I was thinking of a way to solve this problem in O(1) and I am not getting the right answer..
My logic was that..
the answer is (a+b)(a+1)(b+1)/2 and the equation is x+my=mc(I changed b to c for convinience..)
so upon applying the am>=gm inequality in the following way..
((a+b)+(a+1)+(2*m-1)(b+1)/3>=((2*m-1)^1/3)*answer
so answer would be floor(LHS/(2*m-1)^1/3) and LHS is (2*m*c+2*m)/3 as (a,b) lies on the line..
but I was getting a wrong answer..
Sorry if I missed something obvious and any help would be really appreciated..

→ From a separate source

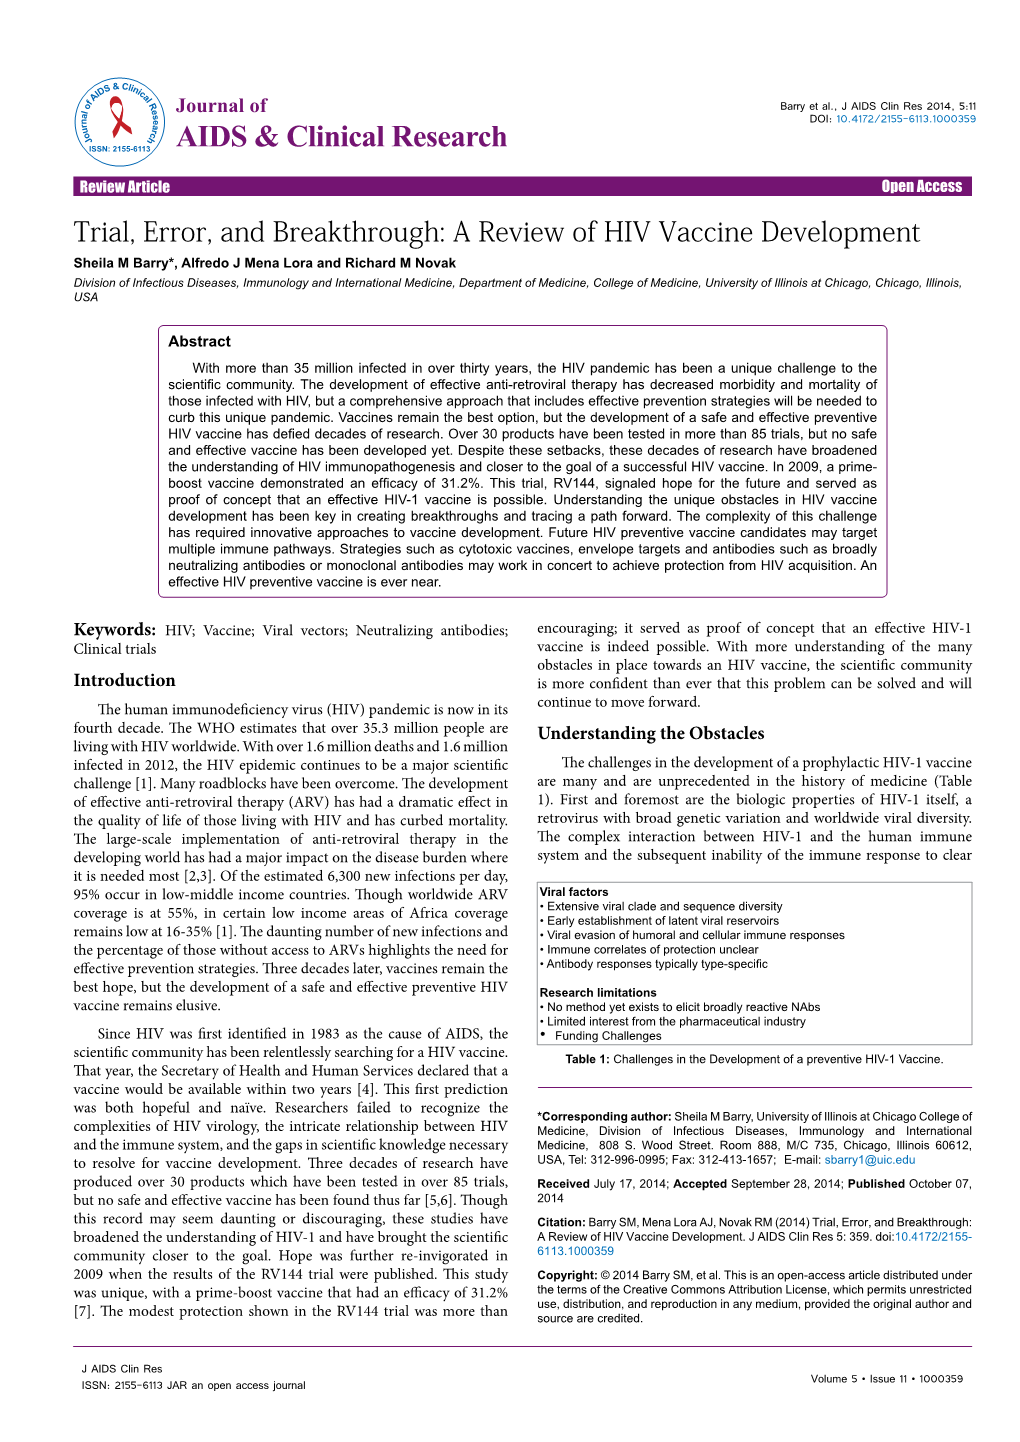 Trial, Error, and Breakthrough: a Review of HIV Vaccine Development

Hi, well first of all the right side of your inequality should be ((2*m -1)*2*ans)^1/3 instead of ((2*m-1)^1/3)*ans, but then when you found x = floor(...) you found the biggest integer solution that satisfies your inequality, however it may be impossible for (a+b)(a+1)(b+1)/2 to take the value of x, so you must find the largest integer solution for (a+b)(a+1)(b+1)/2 = y where y <= x which can be tricky but with some help from wolfram alpha is possible. BTW i really like the way you used am>=gm to solve this problem in O(1).

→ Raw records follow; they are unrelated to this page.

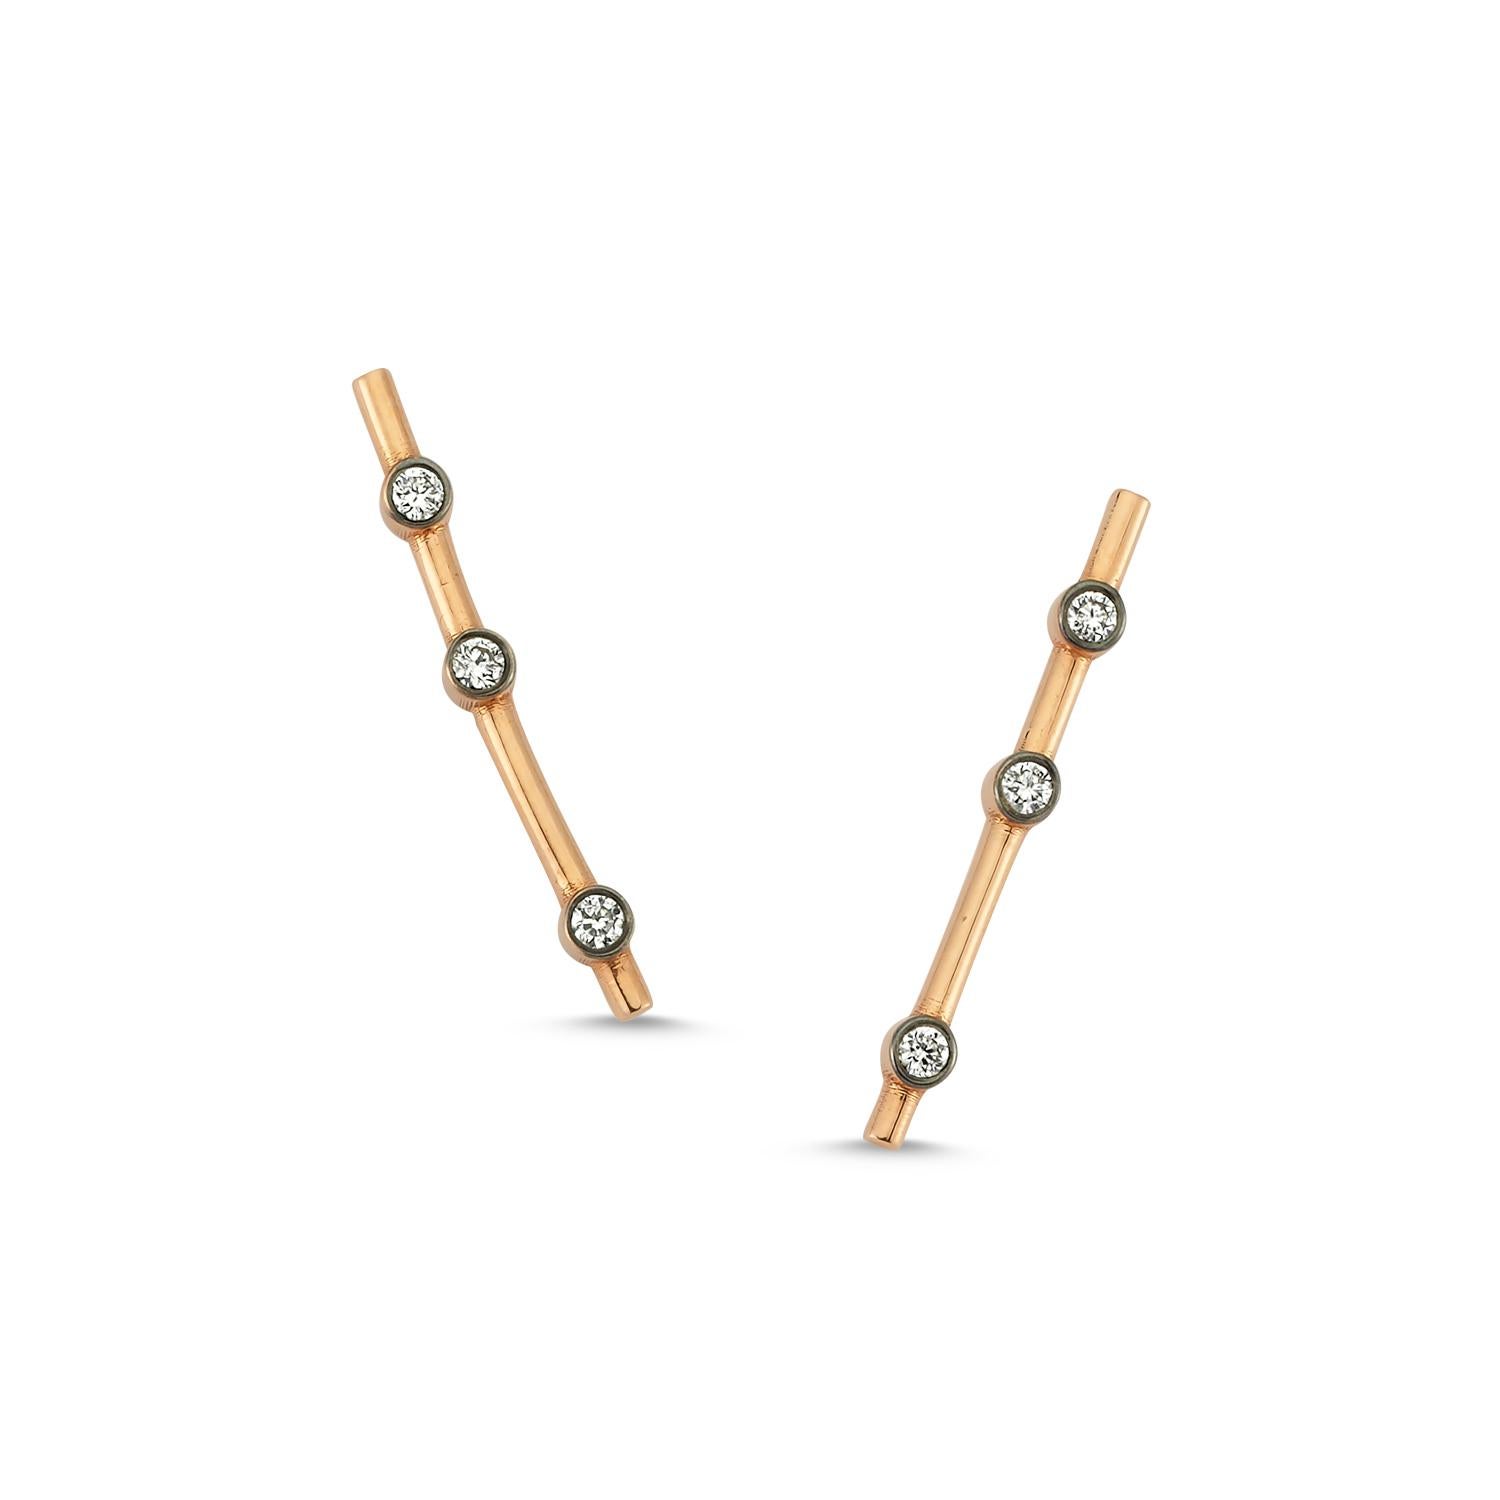 Bar stud earring with 3 single stone white diamond (single) by selda jewellery

Additional Information:-
Collection: Thunder collection
14K Rose gold
0.06 ct White diamond
Length 2cm

oops missed the cube!! so you are saying that the maximum value for that expression may not occur at integral points and we are supposed to find max val for integral points?
Yes, for example I wrote the code:
and for m = 1, c = 5 it outputs 32, however the answer is 30, because 32 occurs at non integral point.
thanks bud!! appreciate your help. Gonna be more careful when dealing with integers next time :)